Abstract

This paper derives some equalities via twice differentiable functions and conformable fractional integrals. With the help of the obtained identities, we present new trapezoid-type and midpoint-type inequalities via convex functions in the context of the conformable fractional integrals. New inequalities are obtained by taking advantage of the convexity property, power mean inequality, and Hölder’s inequality. We show that this new family of inequalities generalizes some previous research studies by special choices. Furthermore, new other relevant results with trapezoid-type and midpoint-type inequalities are obtained.

1. Introduction

Fractional calculus and the theory of inequalities, which have recently received a lot of attention, have been the subject of many investigations in the mathematics. Mathematical modeling is one of the most important fields of this theory in which fractional operators are defined to design different fractional differential equations for describing the phenomena. For instance, one can mention to the third-order BVP with multistrip multipoint conditions [1], hybrid version and the Hilfer type of thermostat model [2, 3], fractional HIV model with the Mittag-Leffler-type kernel [4], mathematical fractional model of Q fever [5], fractional dynamics of mumps virus [6], fractional -Laplacian equations [7], fractal-fractional version of AH1N1/09 virus along with the fractional Caputo-type version [8], etc.

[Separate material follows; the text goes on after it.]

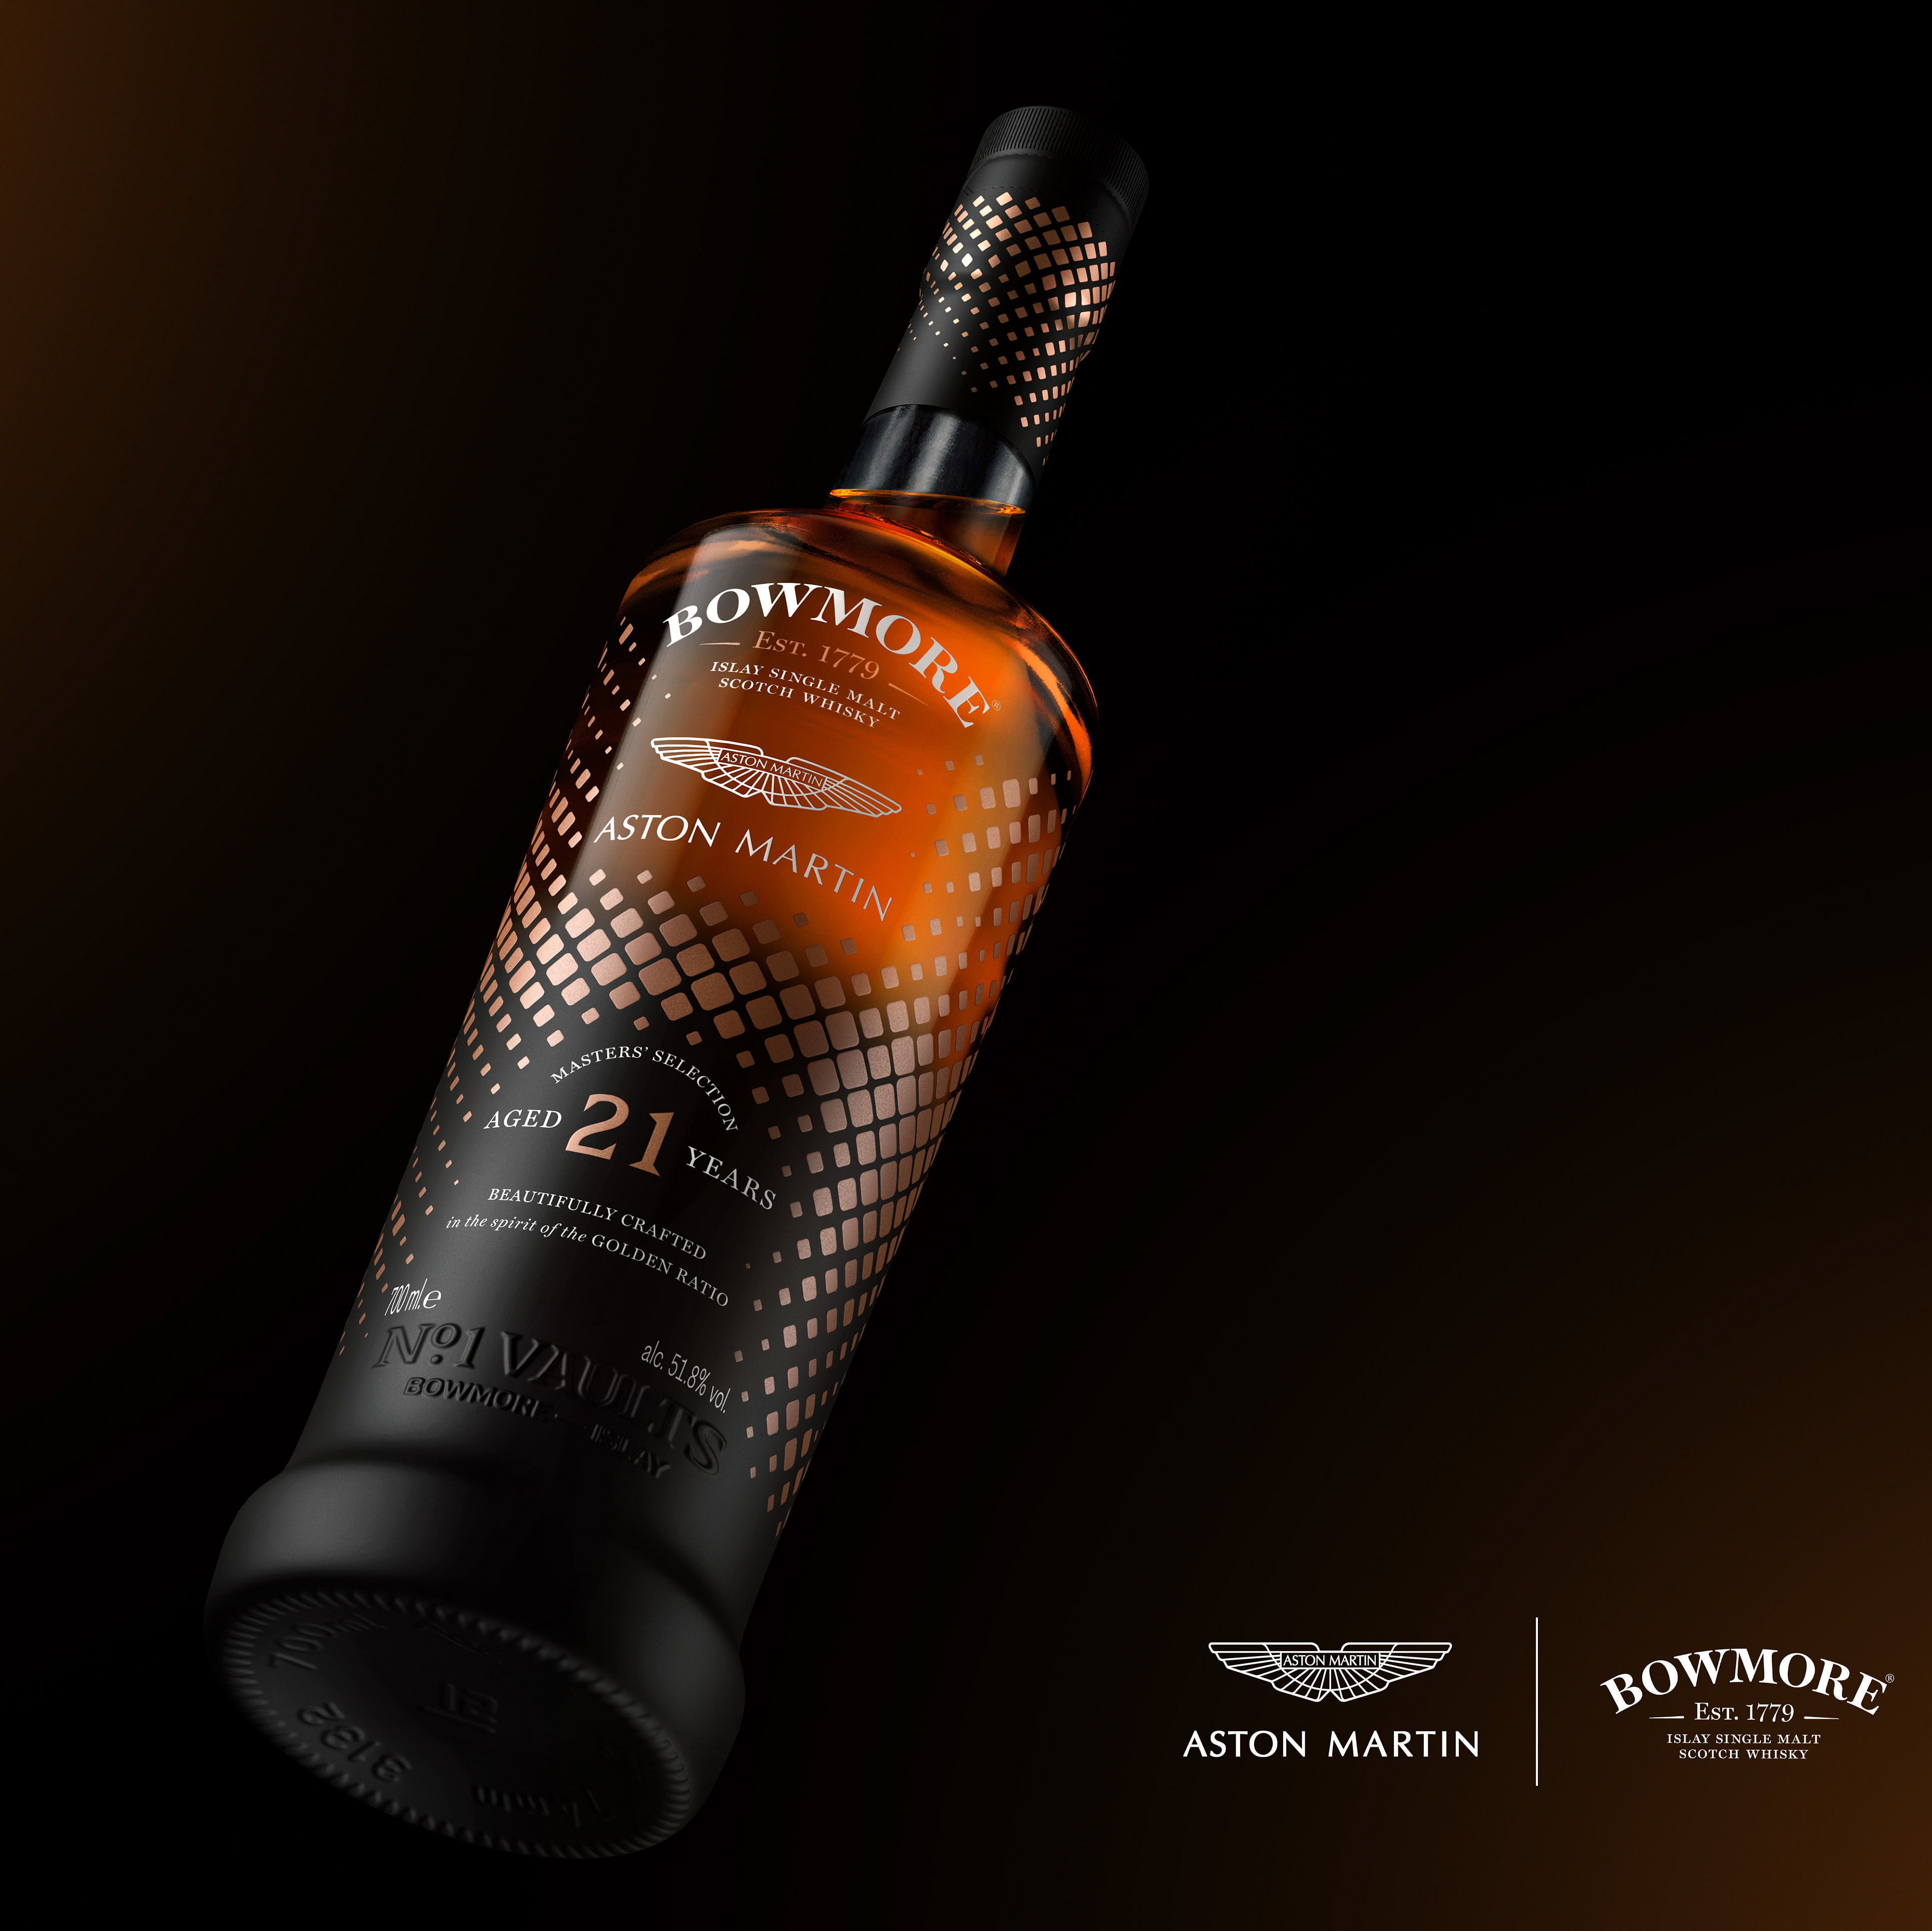 The Bowmore Aston Martin 21 Year Old bottle.

In the last century, the Hermite–Hadamard inequality along with the midpoint and trapezoidal inequalities arising from this inequality has attracted many researchers. In addition, RL-fractional (Riemann-Liouville) integrals, conformable integrals, and many types of such integrals have been defined in these inequalities and have gained an important place in the literature.

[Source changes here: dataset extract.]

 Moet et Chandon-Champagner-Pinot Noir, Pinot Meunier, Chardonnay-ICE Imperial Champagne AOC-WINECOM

More precisely, fractional calculus is a big part of mathematics in which the mathematicians develop and extend the existing classical ideas of integration and differentiation operators to noninteger orders. Recently, it has received the attention of many researchers from different areas like mathematicians, physicists, and engineers [9, 10]. For example, if we consider a fluid-dynamic traffic model, then we see that one can simulate the irregular oscillation of earthquakes via fractional derivatives. These operators are also utilized for modeling a main part of chemical and physical processes, biological processes, and engineering problems. For instance, biological population model [11], electrical circuits [12], viscous fluid and their semianalytical solutions [13], fractional gas dynamics [14], and fractal modeling of traffic flow [15] are applied examples of the application of fractional operators. Further, it is stated that fractional systems provide some numerical outcomes that are more appropriate than those given by integer-order systems [16, 17].

New investigations have developed a category of fractional integration operators and their application in various scientific fields. Using only the idea of the fundamental limit formulation for derivatives, a novel well-behaved fractional derivative was defined, entitled as the conformable derivative, by Khalil et al. in [18]. Some applied properties that cannot be derived by the Riemann-Liouville and Caputo operators are obtained by the conformable derivative. However, in [19], Abdelhakim stated that the conformable structure in [18] cannot yield acceptable data compared to the Caputo idea for special functions. This flaw in the conformable definition was overcome by giving several extensions of the conformable operators [20, 21]. Moreover, with the help of the well-known exponential and Mittag-Leffler functions and using them in the kernels, several researchers defined newly expanded fractional operators such as exponential discrete kernel-type operators [22], fractal-fractional operators [23], and some other derivatives [24, 25].

Inequalities are one of the important topics of mathematics, and in this field, convex functions and their generalizations play an important role. In [26–28], the authors focused on Hermite–Hadamard inequalities by using the majorization and some properties of convex functions. Later, some other researchers combined these notions with monocity and boundedness [29–31]. Over the years, many mathematicians have concentrated on acquired trapezoidal and midpoint-type inequalities that yield specific bounds via the R.H.S. and L.H.S. of the Hermite–Hadamard inequality, respectively. For instance, at first, Dragomir and Agarwal derived trapezoid inequalities in relation to the convex functions in [32], whereas Kirmac derived inequalities of midpoint type with the help of the convex functions in [33]. In addition, in [34], Qaisar and Hussain established a number of generalized inequalities of midpoint type. Moreover, Sarikaya et al. and Iqbal et al. derived some fractional trapezoid and midpoint-type inequalities for a family of the convex mappings in [35, 36], respectively. In [37, 38], studies obtained some extensions from midpoint inequalities involving the Riemann-Liouville operators. In [39], similar results are derived by Hyder et al. under the generalized Reimann-Liouville operators.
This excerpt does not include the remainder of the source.